Projections & the Hat Matrix in R: OLS Geometry Explained Visually

In ordinary least-squares regression, the hat matrix $H = X(X^\top X)^{-1} X^\top$ is the projection matrix that turns observed responses $y$ into fitted values $\hat{y} = Hy$. Geometrically, $H$ projects $y$ orthogonally onto the column space of the design matrix $X$. Fitted values are the closest point in that subspace, residuals are perpendicular to it, and every common diagnostic (leverage, Cook's distance, residual degrees of freedom) flows from the geometry of that projection.

How does OLS become a geometric projection?

Linear regression has two faces. Algebraically, OLS minimises the sum of squared residuals. Geometrically, it projects your response vector onto the subspace spanned by your predictors, and the hat matrix is the operator that performs that projection. Let's build it for mtcars and confirm it produces the same fitted values as lm(). We will use base R only, so the numerical recipe stays transparent.
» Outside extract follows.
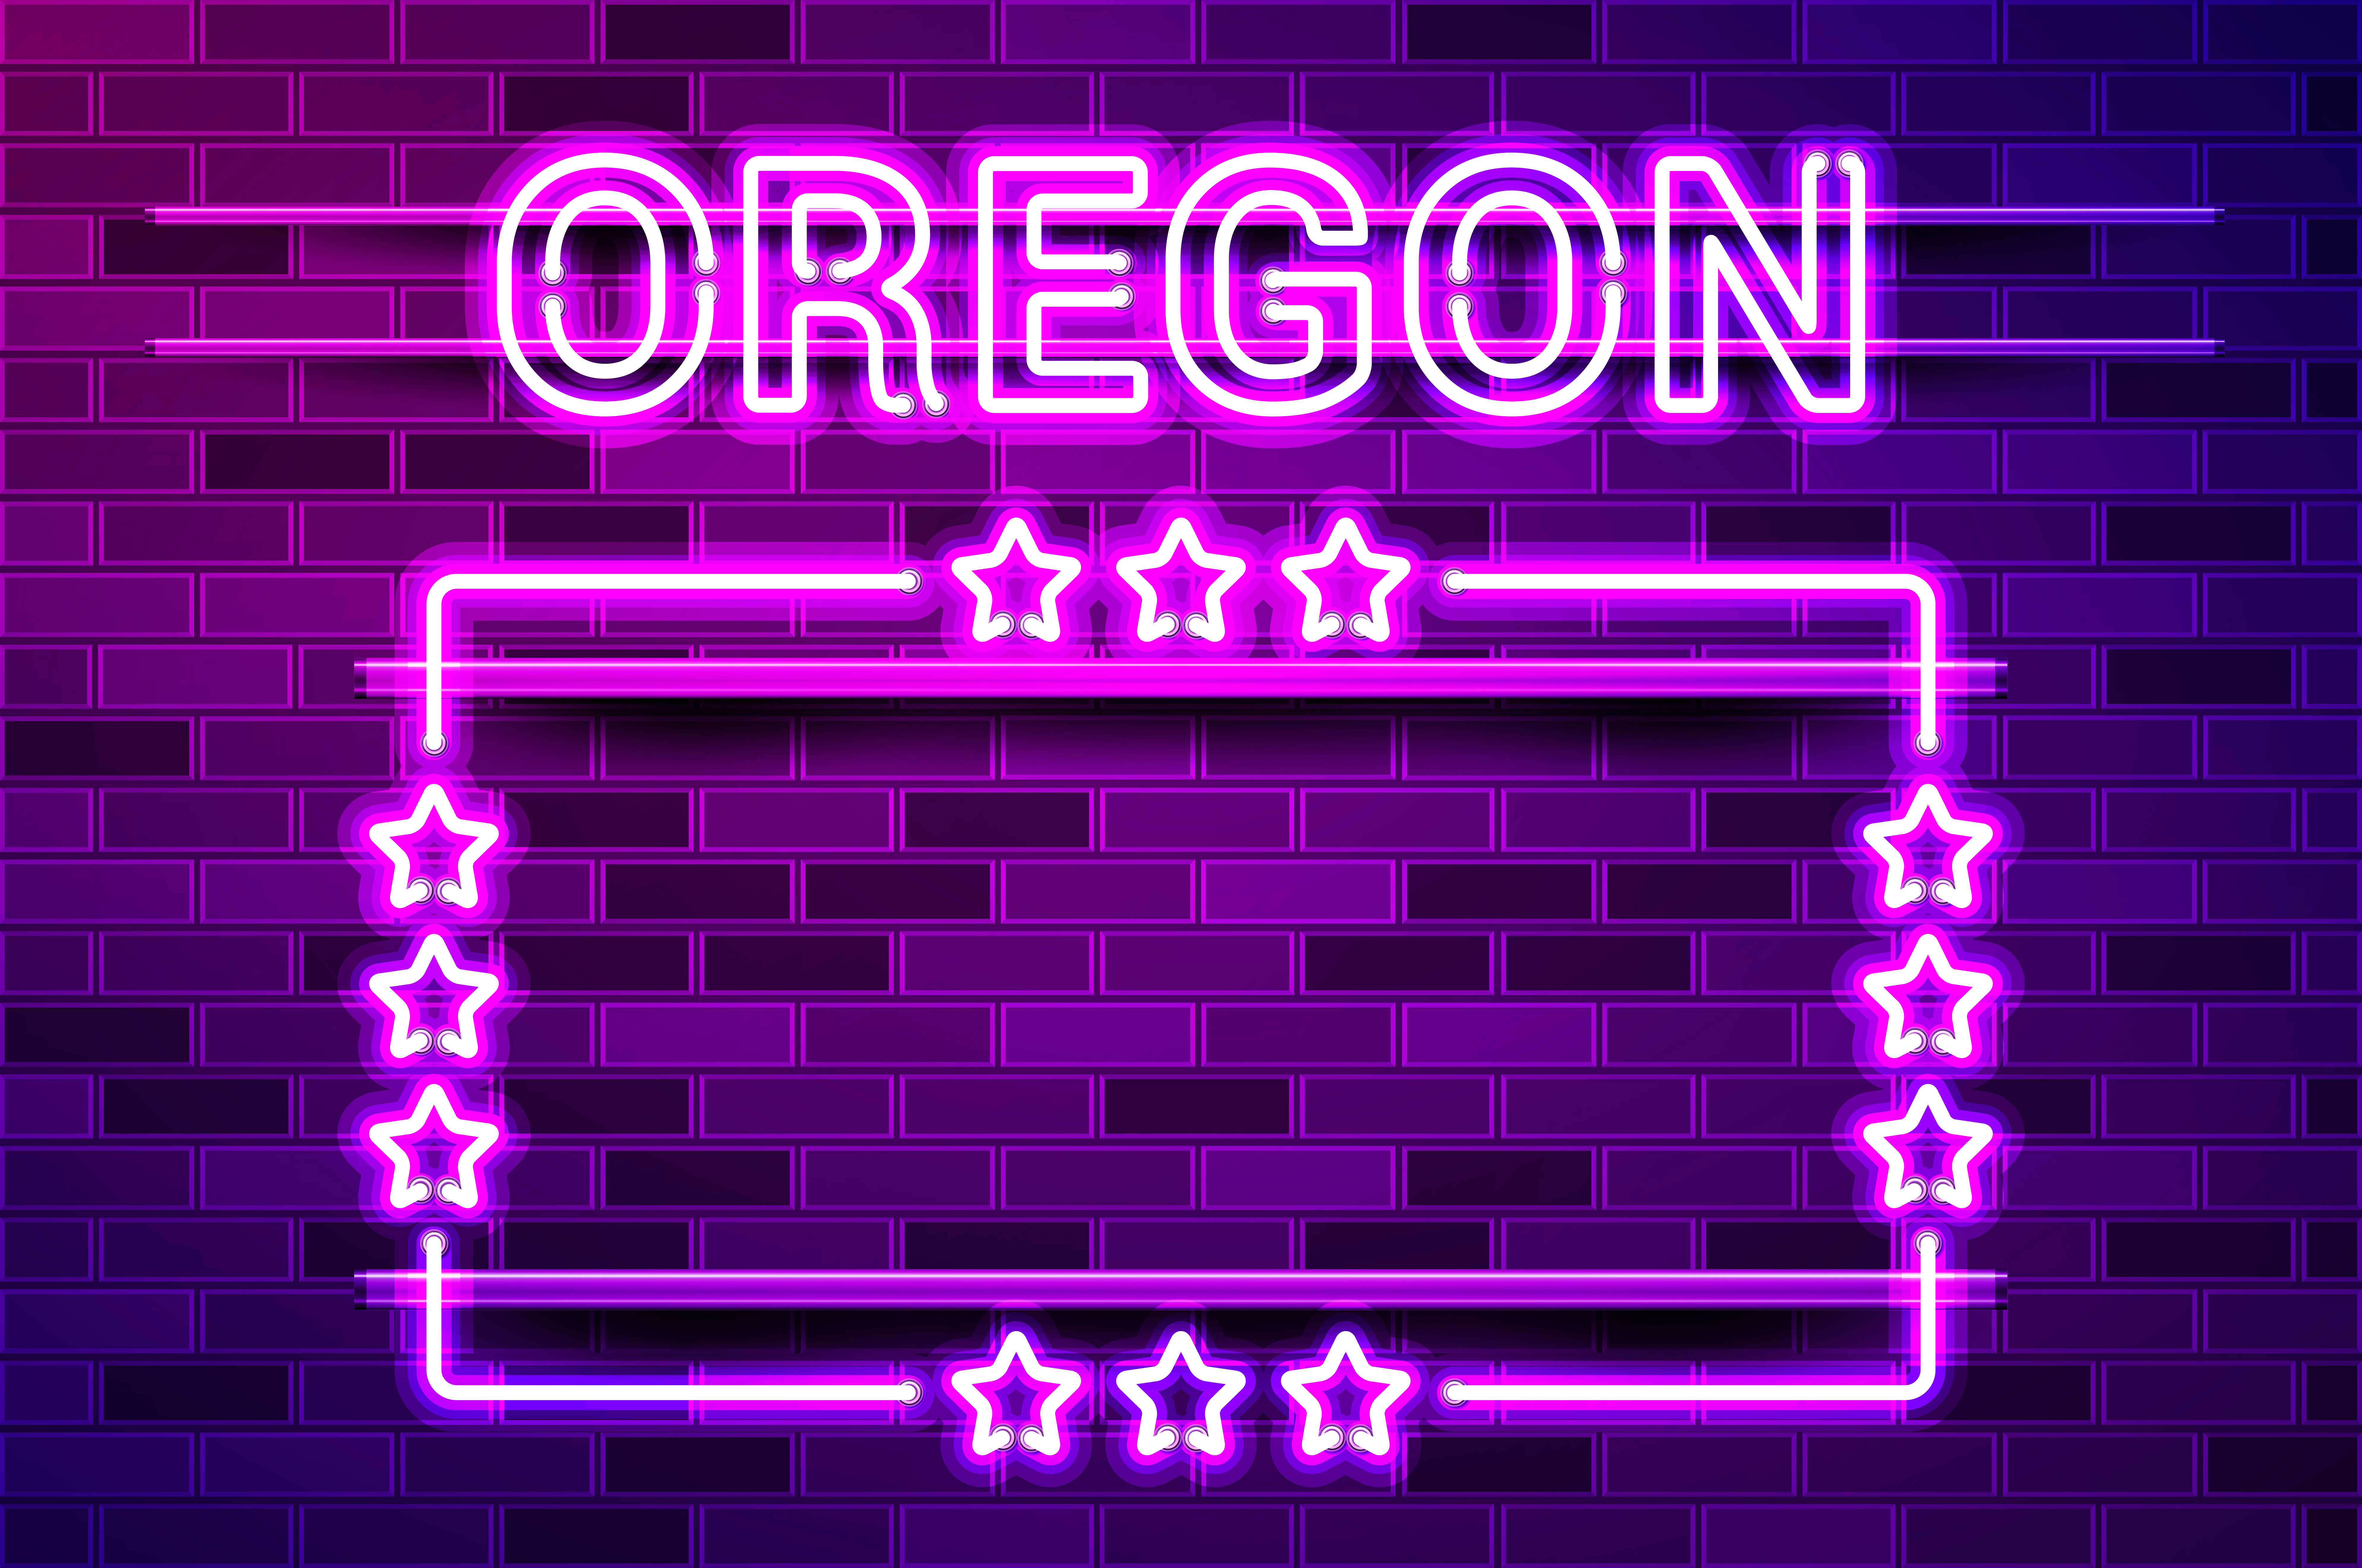 Oregon US State glowing purple neon lettering and a rectangular frame with stars. Realistic vector illustration. Purple brick wall, violet glow, metal holders.. Oregon US State glowing purple neon lettering and a rectangular frame with stars

The recipe has three steps. First, assemble the design matrix $X$ (intercept column plus one column per predictor). Second, compute $H = X(X^\top X)^{-1} X^\top$. Third, multiply: $\hat{y} = Hy$.

RBuild H and recover fitted values
y <- mtcars$mpg X <- cbind(Intercept = 1, wt = mtcars$wt, hp = mtcars$hp) H <- X %*% solve(t(X) %*% X) %*% t(X) y_hat <- H %*% y model <- lm(mpg ~ wt + hp, data = mtcars) head(y_hat, 5) #> [,1] #> Mazda RX4 23.57233 #> Mazda RX4 Wag 22.58348 #> Datsun 710 25.27582 #> Hornet 4 Drive 21.26502 #> Hornet Sportabout 18.32727 all.equal(as.vector(y_hat), unname(fitted(model))) #> [1] TRUE

  

The 32-by-32 hat matrix consumed mpg and produced the exact same fitted values as the textbook function lm(). The all-equal check confirms equality at numerical precision. We never wrote a single solve() for $\beta$, the projection formulation skipped coefficients entirely and went straight to predictions.

Key Insight
The hat matrix replaces algebra with geometry. Instead of solving the normal equations for $\beta$ and then multiplying $X\beta$, you can think of OLS as a single geometric act: project $y$ onto $\text{col}(X)$. The matrix that performs that projection is the hat matrix.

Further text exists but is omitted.